Да, вот было и позабыл самое главное: как будете, господа, ехать ко мне, то прямёхонько берите путь по столбовой дороге на Диканьку. Я нарочно и выставил её на первом листке, чтобы скорее добрались до нашего хутора. Про Диканьку же, думаю, вы наслушались вдоволь. И то сказать, что там дом почище какого-нибудь пасичникова куреня. А про сад и говорить нечего: в Петербурге вашем, верно, не сыщете такого. Приехавши же в Диканьку, спросите только первого попавшегося навстречу мальчишку, пасущего в запачканной рубашке гусей: «А где живёт пасичник Рудый Панько?» «А вот там!» – скажет он, указавши пальцем, и, если хотите, доведёт вас до самого хутора. Прошу, однако ж, не слишком закладывать назад руки и, как говорится, финтить, потому что дороги по хуторам нашим не так гладки, как перед вашими хоромами. Фома Григорьевич, третьего году, приезжая из Диканьки, понаведался-таки в провал с новою таратайкою своею и гнедою кобылою, несмотря на то что сам правил и что сверх своих глаз надевал по временам ещё покупные.

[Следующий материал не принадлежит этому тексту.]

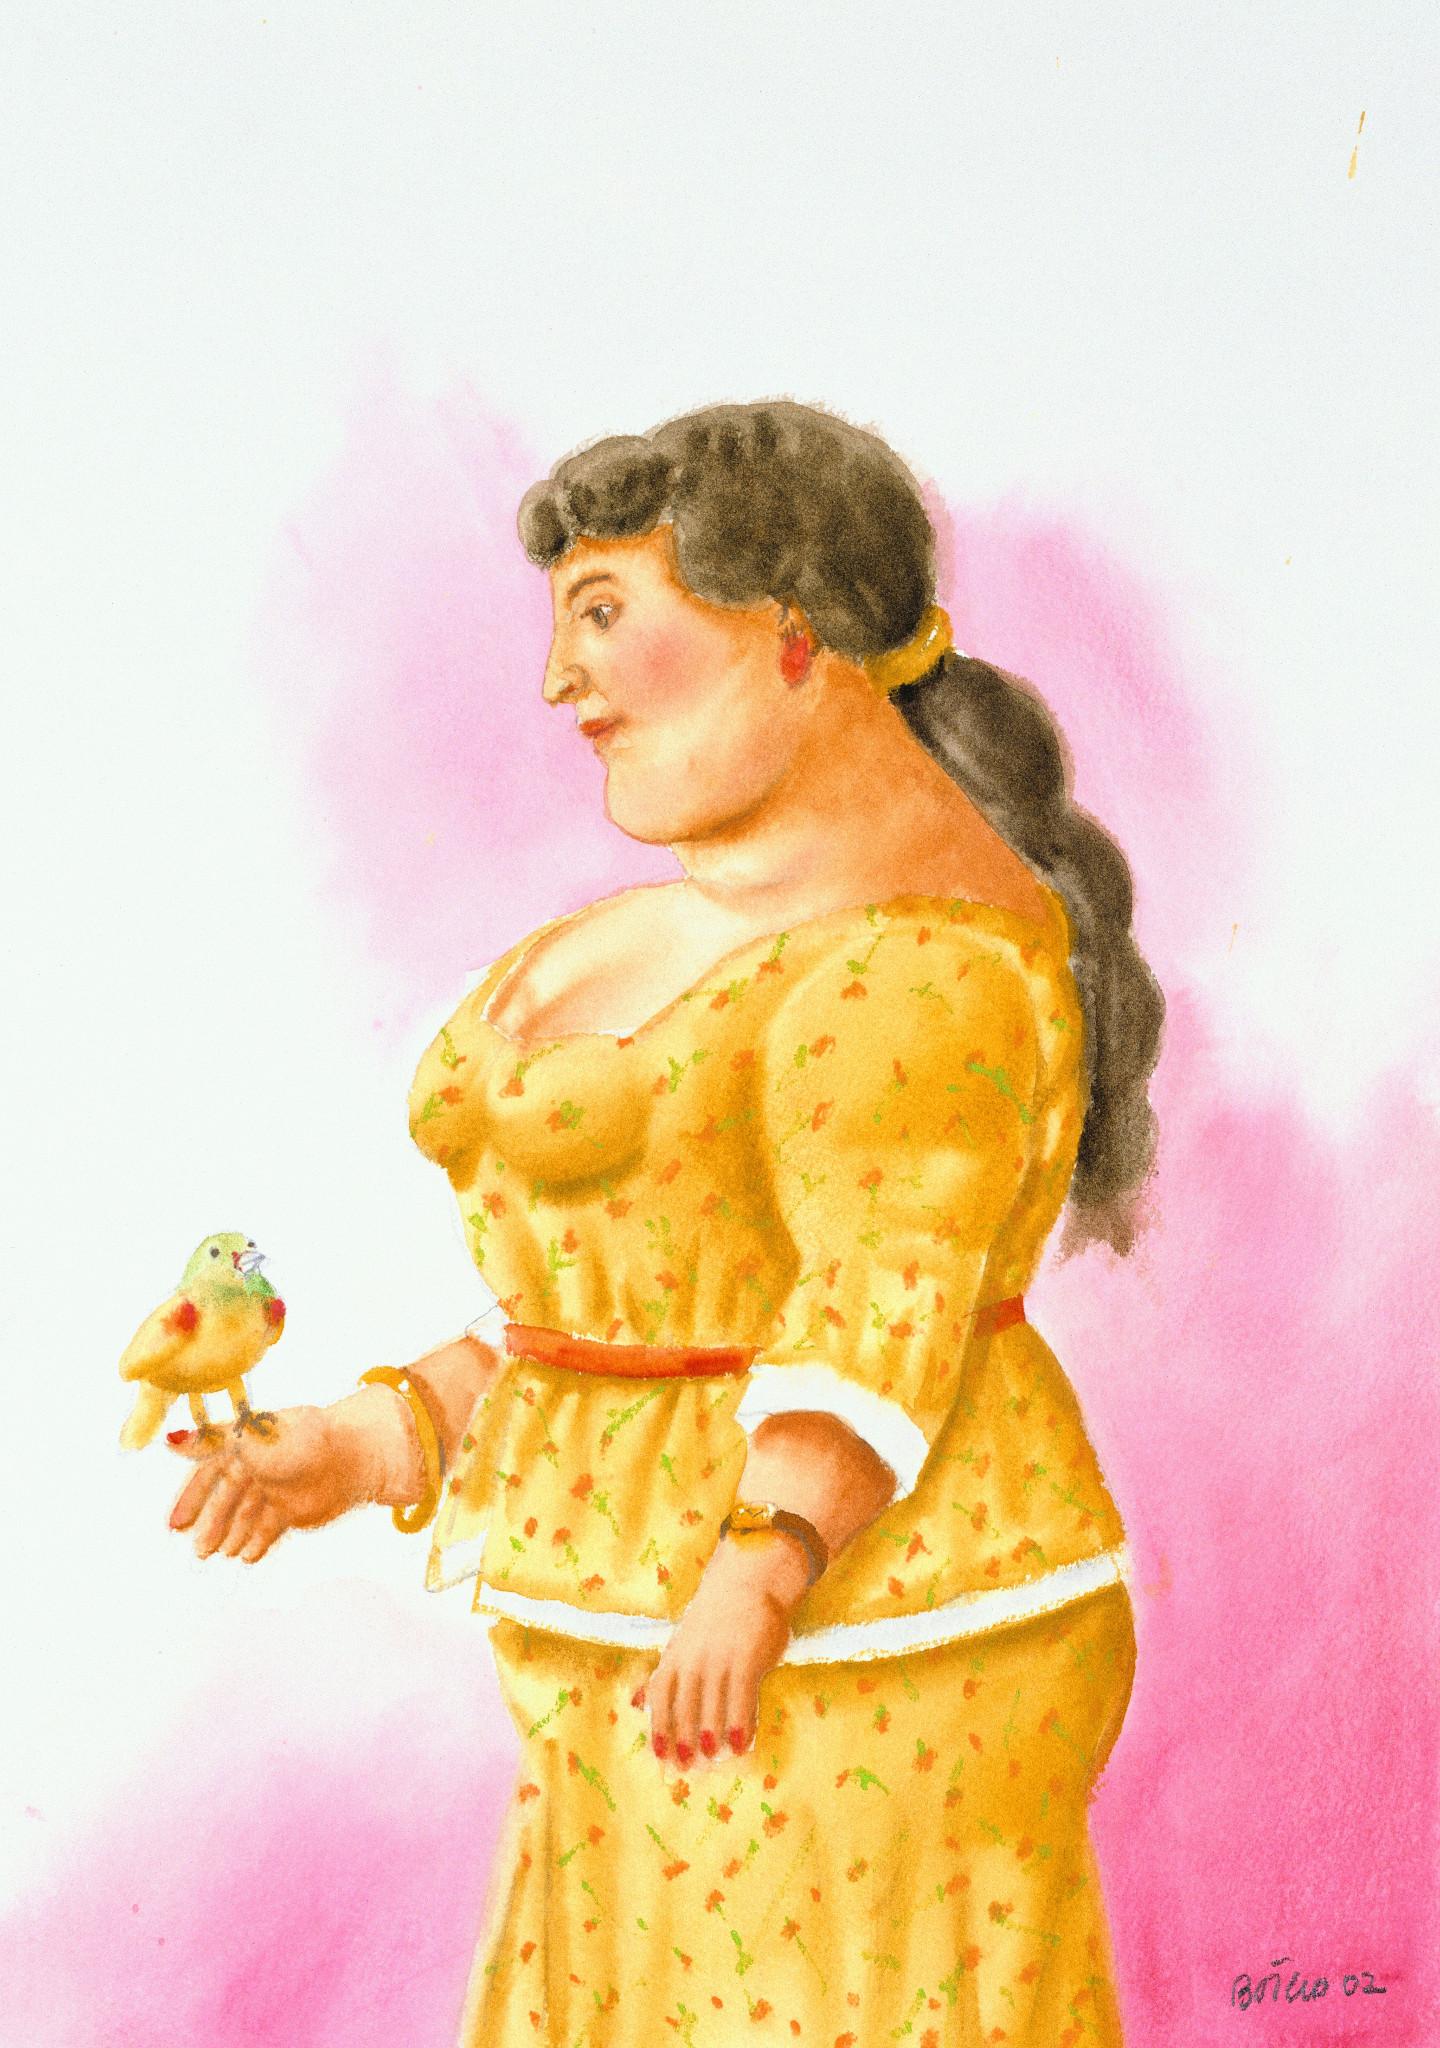 Un homenaje a la figura femenina

Зато уже, как пожалуете в гости, то дынь подадим таких, каких вы отроду, может быть, не ели; а мёду, и забожусь, лучшего не сыщете на хуторах. Представьте себе, что как внесёшь сот – дух пойдёт по всей комнате, вообразить нельзя какой: чист, как слеза или хрусталь дорогой, что бывает в серьгах. А какими пирогами накормит моя старуха! Что то за пироги, если б вы только знали: сахар, совершенный сахар! А масло, так вот и течёт по губам, когда начнёшь есть. Подумаешь, право: на что не мастерицы эти бабы! Пили ли вы когда-либо, господа, грушевый квас с терновыми ягодами или варенуху14 с изюмом и сливами? Или не случалось ли вам подчас есть путрю15 с молоком? Боже ты мой, каких на свете нет кушаньев! Станешь есть – объяденье, да и полно. Сладость неописанная! Прошлого года… Однако ж что я, в самом деле, разболтался?.. Приезжайте только, приезжайте поскорей; а накормим так, что будете рассказывать и встречному и поперечному.

Пасичник Рудый Панько

Сорочинская ярмарка

I

 
Менi нудно в хатi жить.
Ой вези ж мене iз дому,
Де багацько грому, грому,
Де гопцюють все дiвки,
Де гуляють парубки!16
 
Из старинной легенды

Как упоителен, как роскошен летний день в Малороссии! Как томительно-жарки те часы, когда полдень блещет в тишине и зное, и голубой неизмеримый океан, сладострастным куполом нагнувшийся над землёю, кажется, заснул, весь потонувши в неге, обнимая и сжимая прекрасную в воздушных объятиях своих! На нём ни облака. В поле ни речи. Всё как будто умерло; вверху только, в небесной глубине, дрожит жаворонок, и серебряные песни летят по воздушным ступеням на влюблённую землю, да изредка крик чайки или звонкий голос перепела отдаётся в степи. Лениво и бездумно, будто гуляющие без цели, стоят подоблачные дубы, и ослепительные удары солнечных лучей зажигают целые живописные массы листьев, накидывая на другие тёмную, как ночь, тень, по которой только при сильном ветре прыщет золото. Изумруды, топазы, яхонты эфирных насекомых сыплются над пёстрыми огородами, осеняемыми статными подсолнечниками. Серые стога сена и золотые снопы хлеба станом располагаются в поле и кочуют по его неизмеримости. Нагнувшиеся от тяжести плодов широкие ветви черешен, слив, яблонь, груш; небо, его чистое зеркало – река в зелёных, гордо поднятых рамах… как полно сладострастия и неги малороссийское лето!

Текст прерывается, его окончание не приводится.